━━ Given records
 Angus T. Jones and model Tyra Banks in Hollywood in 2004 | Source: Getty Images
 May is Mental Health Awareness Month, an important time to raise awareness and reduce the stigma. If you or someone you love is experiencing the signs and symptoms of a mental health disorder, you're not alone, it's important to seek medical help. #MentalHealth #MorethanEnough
━━━━
━━ Given records
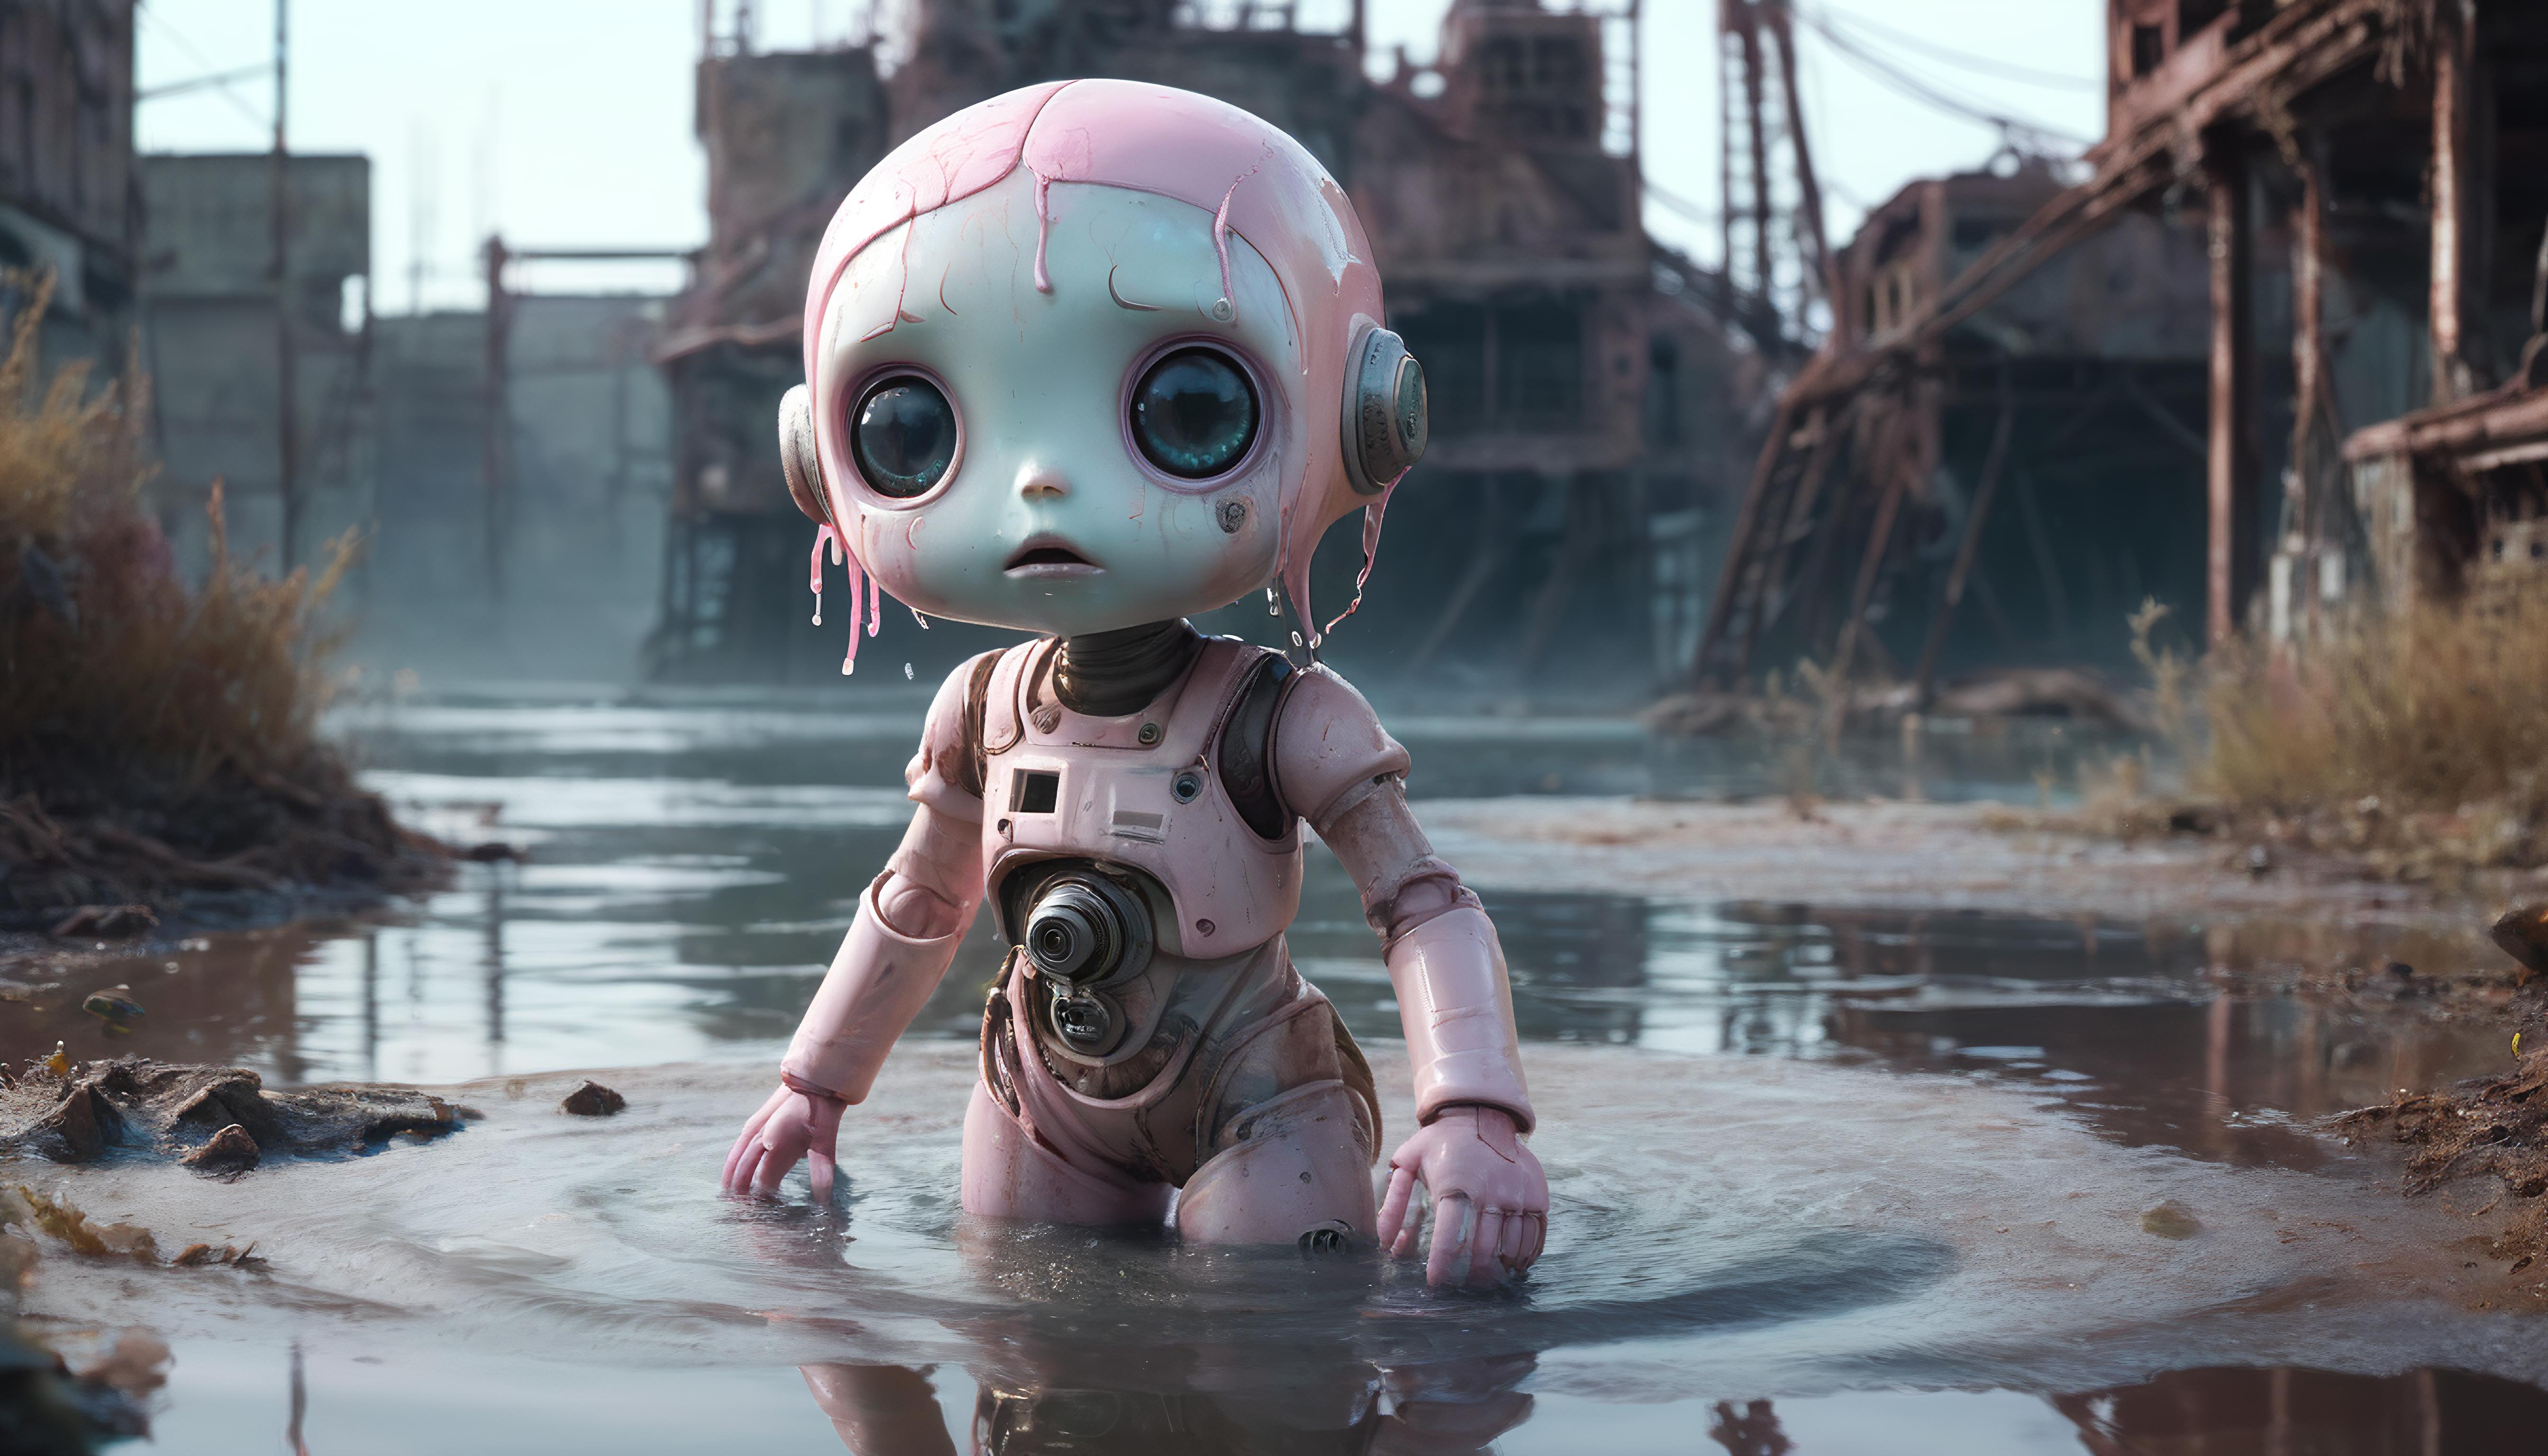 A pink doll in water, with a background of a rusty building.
━━━━
━━ Given records
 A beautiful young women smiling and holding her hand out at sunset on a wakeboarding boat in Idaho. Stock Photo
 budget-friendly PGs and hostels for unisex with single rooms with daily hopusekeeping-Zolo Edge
━━━━
Goal of the exercise >>
Give back exactly the lines above, from the line containing "Angus T. Jones" through the line containing "May is Mental", with both end lines and nothing more.

Answer >>
 Angus T. Jones and model Tyra Banks in Hollywood in 2004 | Source: Getty Images
 May is Mental Health Awareness Month, an important time to raise awareness and reduce the stigma. If you or someone you love is experiencing the signs and symptoms of a mental health disorder, you're not alone, it's important to seek medical help. #MentalHealth #MorethanEnough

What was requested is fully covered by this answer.